11. Pertemuan: Awal dari Pertempuran

46 27 15
                                    

Dendam yang lalu bisa saja membangkitkan dendam-dendam yang baru. Jika tidak bisa melupakan dendam, setidaknya coba ingat, hatimu butuh ruang yang tenang.

...

"Tadi awalnya kamu ada di mana?" Tanya Ardiaz pada anak kecil yang ia gandeng tangannya itu.

"Tadi aku main mancing-mancingan di sana," tunjuk Angga. Ardiaz kemudian mengikuti kemana arah jari Angga mengarah.

Ardiaz mengantar Angga ke tempat awal sebelum anak itu tersesat. Namun, setelah sampai di sana Shania tidak terlihat. Angga pikir, Shania pasti sedang mencari Angga dan sangat khawatir.

Ardiaz mengeluarkan ponselnya berniat menelepon Shania. Namun, nahas sekali karena baterai ponselnya sudah terkuras habis sampai-sampai tidak mau menyala. Ardiaz menyesal karena lupa mengecek baterai ponselnya sebelum pergi tadi. Sekarang saat dibutuhkan, benda pipih itu malah sangat tidak membantu.

"Kak Ardi, itu Kakak Shania ada di sana, Kakaaaaak!!!" Angga menarik-narik baju Ardiaz untuk mendapatkan atensinya, selanjutnya ia berusaha sekencang mungkin memanggil kakaknya. Ya, suara cempreng khas Angga mampu membuat banyak orang mengalihkan pandangan pada dirinya.

Sementara seseorang yang merasa terpanggil itu langsung saja berlari mendekati Angga. "Angga! Kamu nggak kenapa-napa 'kan? Maafin Kakak nggak bisa jagain Angga, ya?"

Shania dengan otomatis langsung mendekap adiknya itu. Ia mengecek kepala, tangan, dan kaki adiknya, takutnya ada yang lecet di sana.

"Angga nggak papa kok, soalnya ada Kak Ardi," jelas Angga yang membuat Shania mengernyit, siapa yang Angga sebut? Ardi?

Shania langsung melihat ke belakang Angga. Di sana, seseorang dengan setelan kaos hitam dan celana jin tengah berdiri menatap dirinya. Wajahnya menampilkan senyuman ketika manik mata mereka membuat satu titik temu. Shania benar-benar merasa lega dan entahlah, ia merasa bahagia sekali melihat Ardiaz berada di depannya.
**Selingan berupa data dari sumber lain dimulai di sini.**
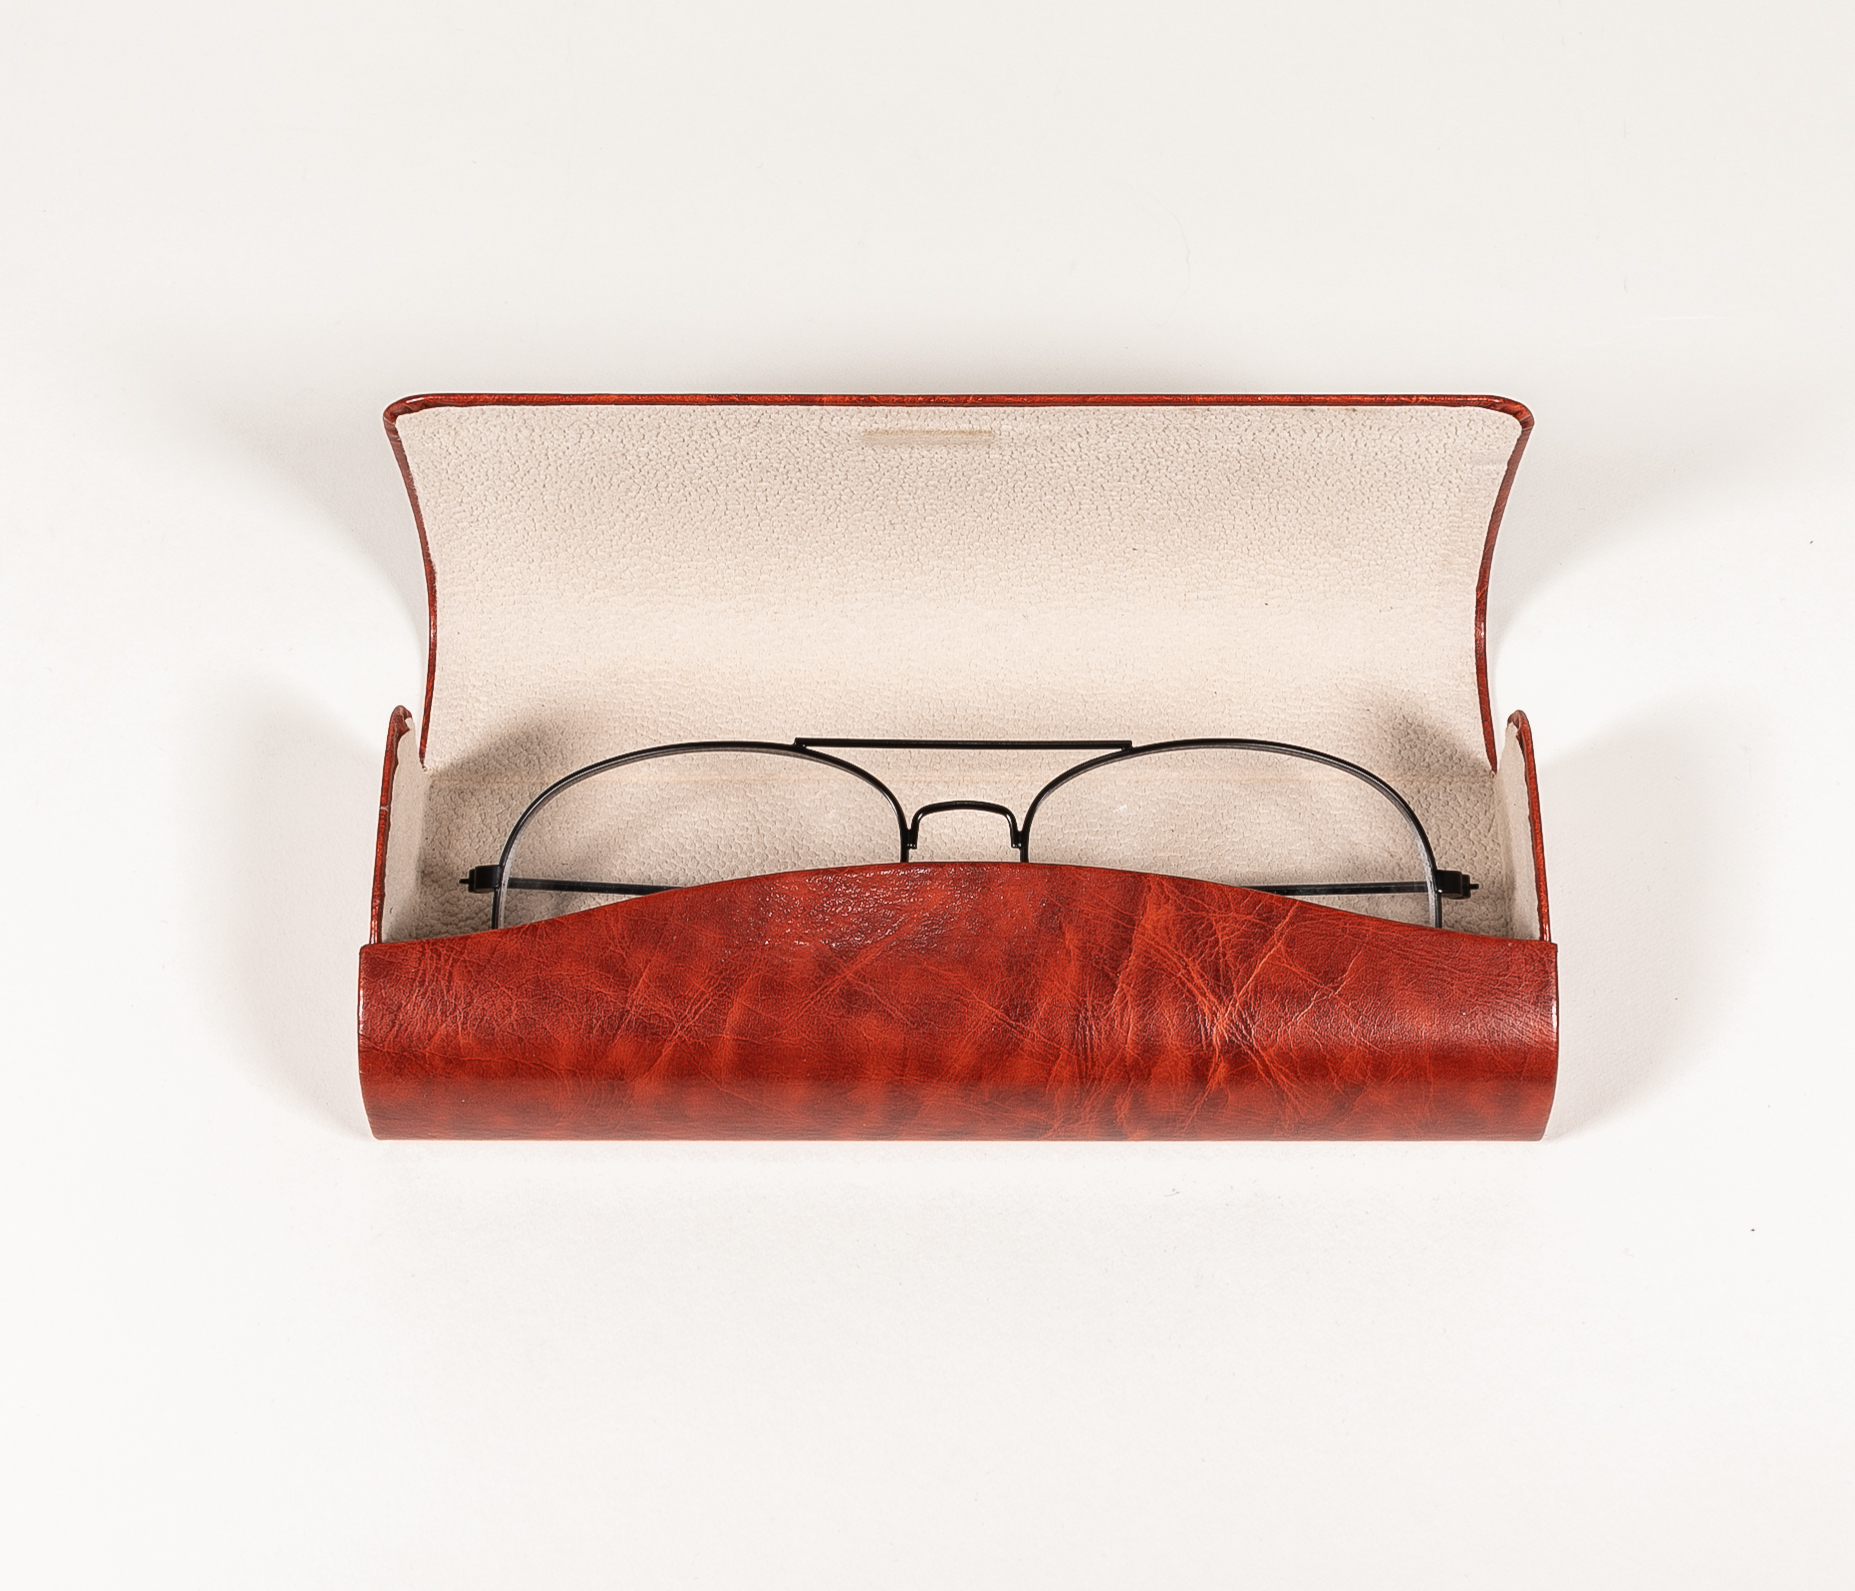 The 2021 sunglasses, a hand-made glasses case in two colors with a semicircular appearance on the side

"Ardi? Makasih banget udah nolongin Angga, kalau nggak ada lo gue nggak tau apa yang bakal terjadi,"

"Lo ngomong apa, sih? Ini semua udah direncanain kali sama Yang Mahakuasa," jawab Ardiaz santai, semoga dengan sikapnya yang santai mampu menularkan perasaan santai dan tenang juga pada Shania.

Sekarang Shania sudah mampu tersenyum setelah mendengar jawaban Ardiaz. Entah mengapa, kejadian-kejadian yang seperti ini selalu mempertemukan mereka berdua. Sepertinya teori bahwa mereka diciptakan untuk saling membantu dalam keadaan apapun adalah hal yang tepat.
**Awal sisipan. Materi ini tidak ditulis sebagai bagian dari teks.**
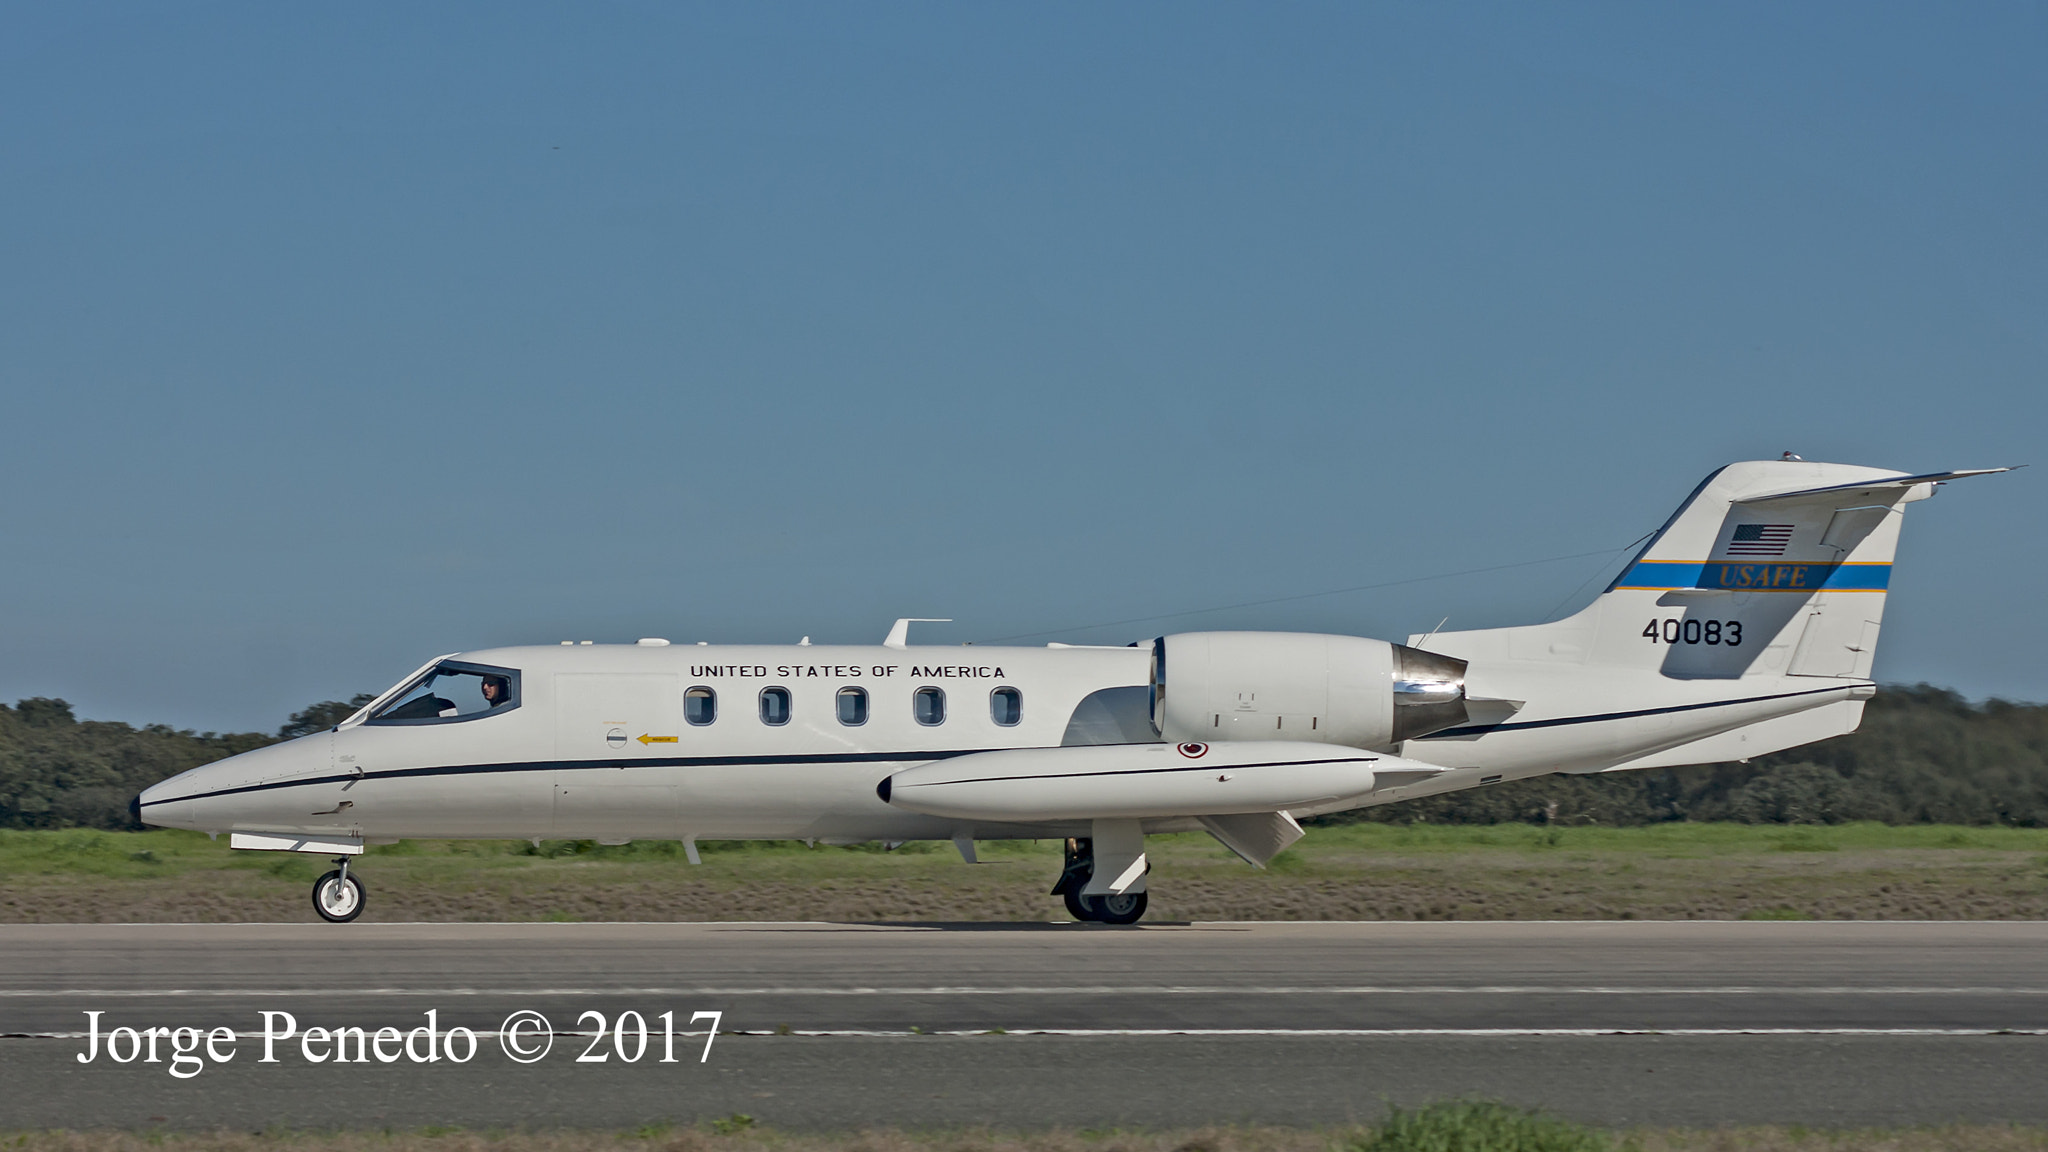 Sony Alpha DSLR-A390 + Sigma 30mm F1.4 EX DC HSM sample photo. Learjet 35 40083 usaf europe photography

"Kak Ardi, ini jaketnya, makasih udah pinjamin ke Angga, sekarang udah nggak dingin," Angga menyerahkan jaket yang dipinjamkan Ardiaz padanya tadi. Shania yang melihat Angga menyerahkan jaket itu pada Ardiaz baru tersadar kalau sedari tadi adiknya itu memakai jaket. Karena terlalu khawatir, fokus Shania hanya pada Angga saja.

"Angga! Kamu kemana aja tadi? Ada yang luka nggak? Kakak tuh khawatir banget pas tau kamu nggak ada di deket Kakak tadi, lain kali kamu jangan ngulangin lagi, ya?" Reyhan tiba-tiba datang dan langsung memeluk Angga.

Sementara Shania masih menampilkan raut muka kesal ketika Reyhan datang. Ia pikir Reyhan akan menyesali perbuatannya dan meminta maaf atas keteledorannya. Ternyata Reyhan bersikap seolah ini bukan kesalahannya, Waw.

"Angga nggak papa, soalnya ada Kak Ardi yang nolongin," ujar Angga sembari menunjuk Ardiaz.

Ardiaz sedari tadi memerhatikan Reyhan, ia berusaha melihat wajahnya meskipun cahaya di sini tidak cukup menerangi. Ardiaz sedikit mengernyit, ia seperti pernah melihat Reyhan sebelumnya, setelah ia lebih memperjelas pandangannya...tetap saja ia belum bisa menebak seseorang itu siapa. Ya, tentu saja, ia tidak memakai kacamata minusnya saat ini.